- INFORMATION SUPPLIED
════

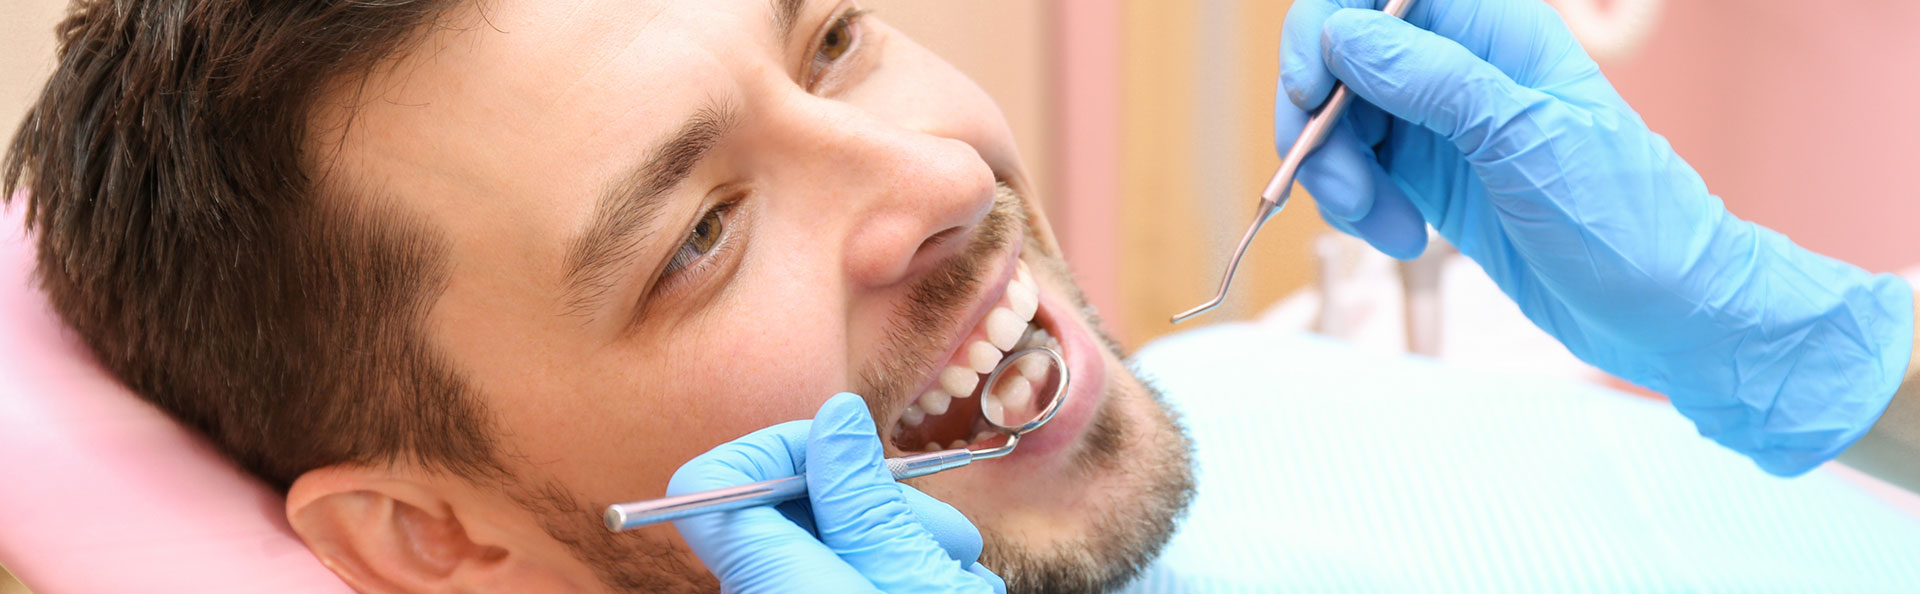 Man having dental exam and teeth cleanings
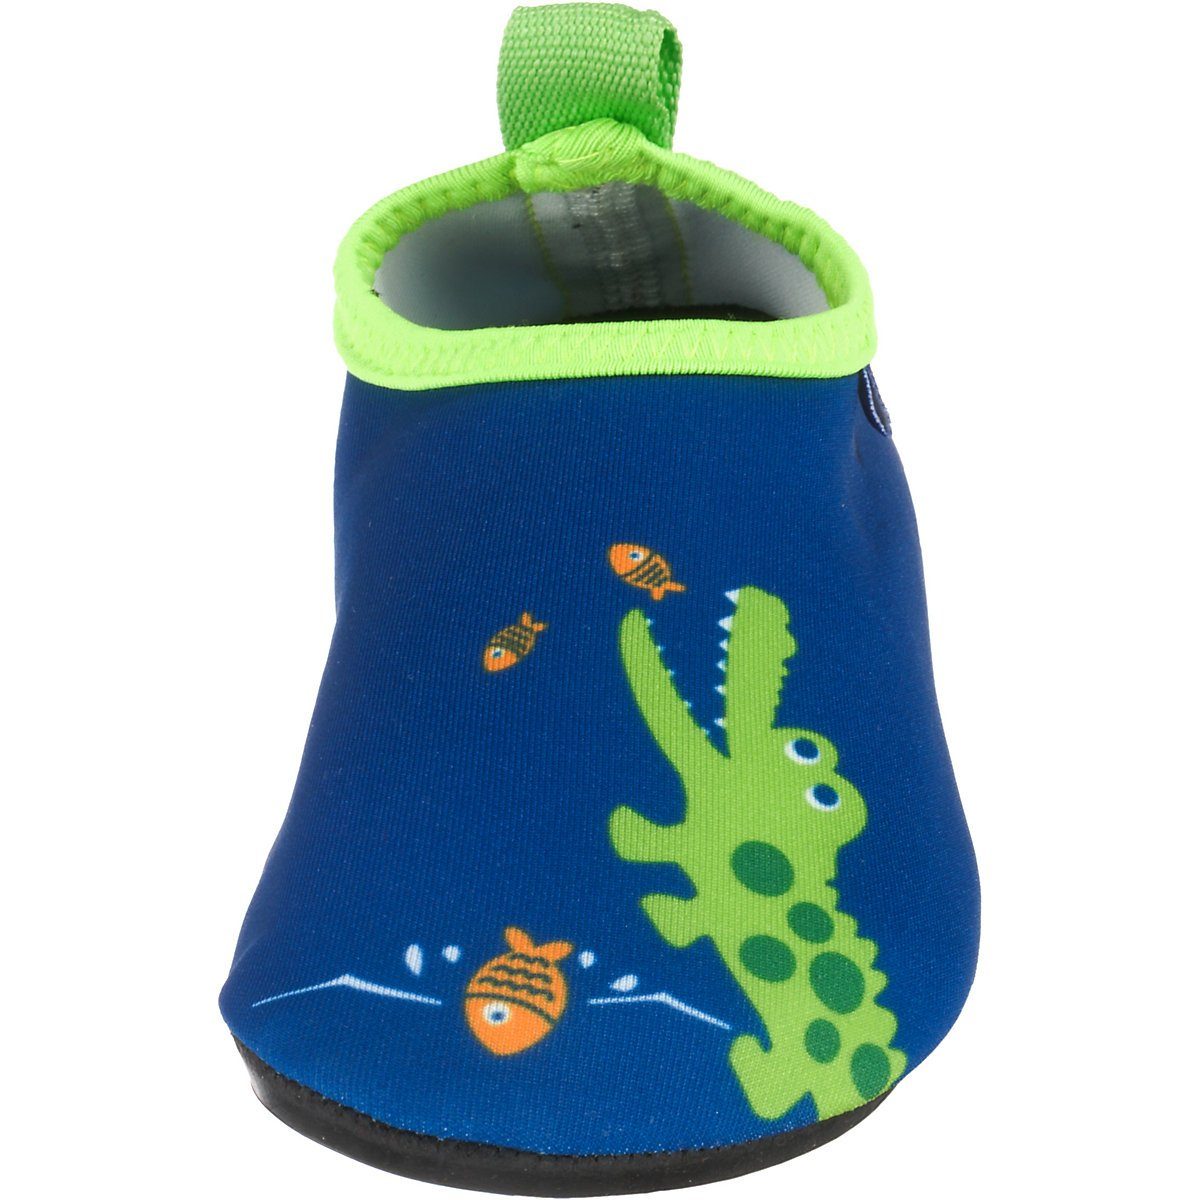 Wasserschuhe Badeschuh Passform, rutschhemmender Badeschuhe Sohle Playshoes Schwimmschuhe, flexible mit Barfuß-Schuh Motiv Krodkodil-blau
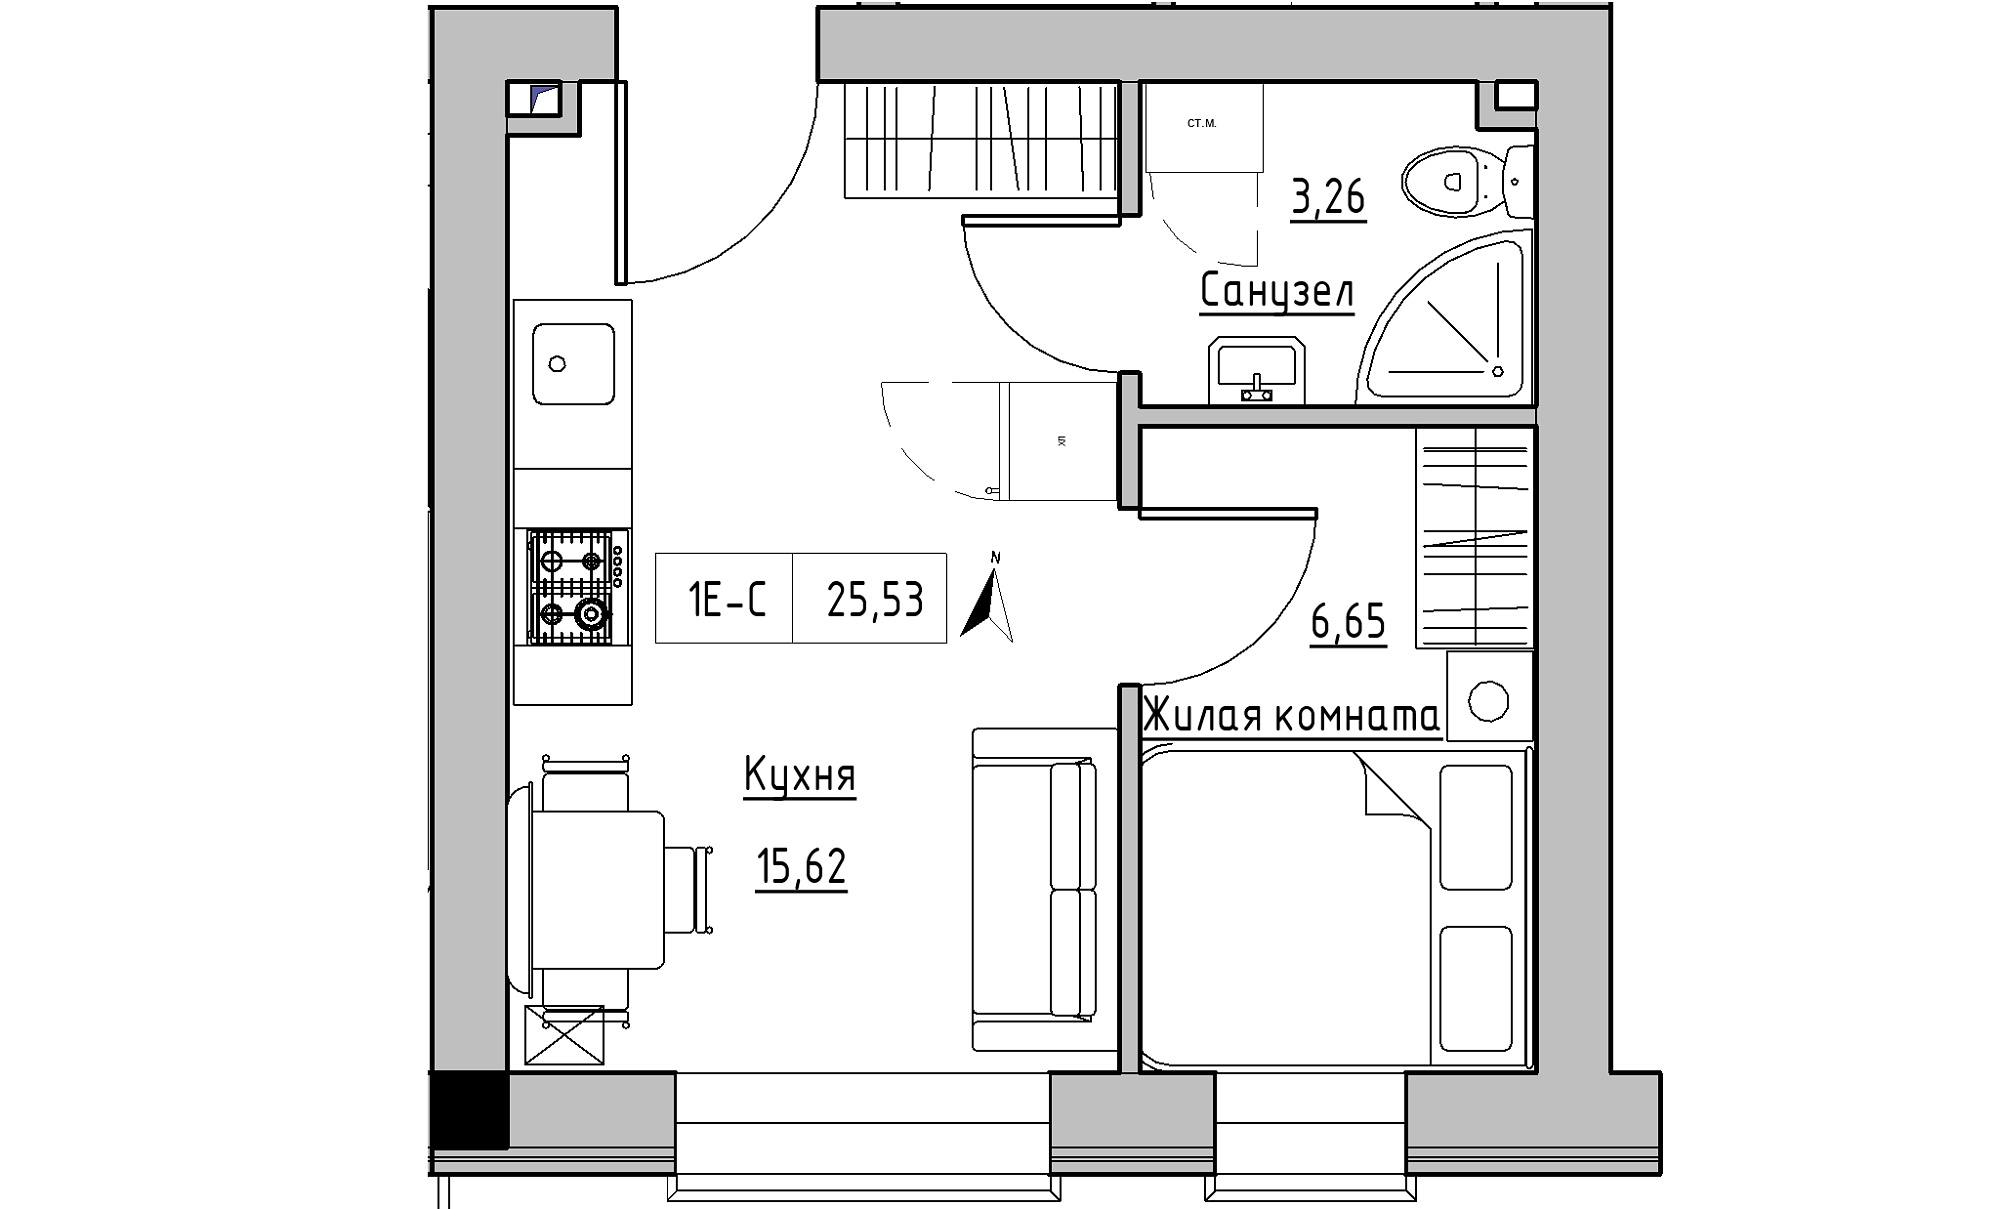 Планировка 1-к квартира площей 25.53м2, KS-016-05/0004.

════

- AIM OF THE EXERCISE
All lines above must be repeated exactly, and the pictures must be omitted.

- RESPONSE AREA
 Man having dental exam and teeth cleanings
 Wasserschuhe Badeschuh Passform, rutschhemmender Badeschuhe Sohle Playshoes Schwimmschuhe, flexible mit Barfuß-Schuh Motiv Krodkodil-blau
 Планировка 1-к квартира площей 25.53м2, KS-016-05/0004.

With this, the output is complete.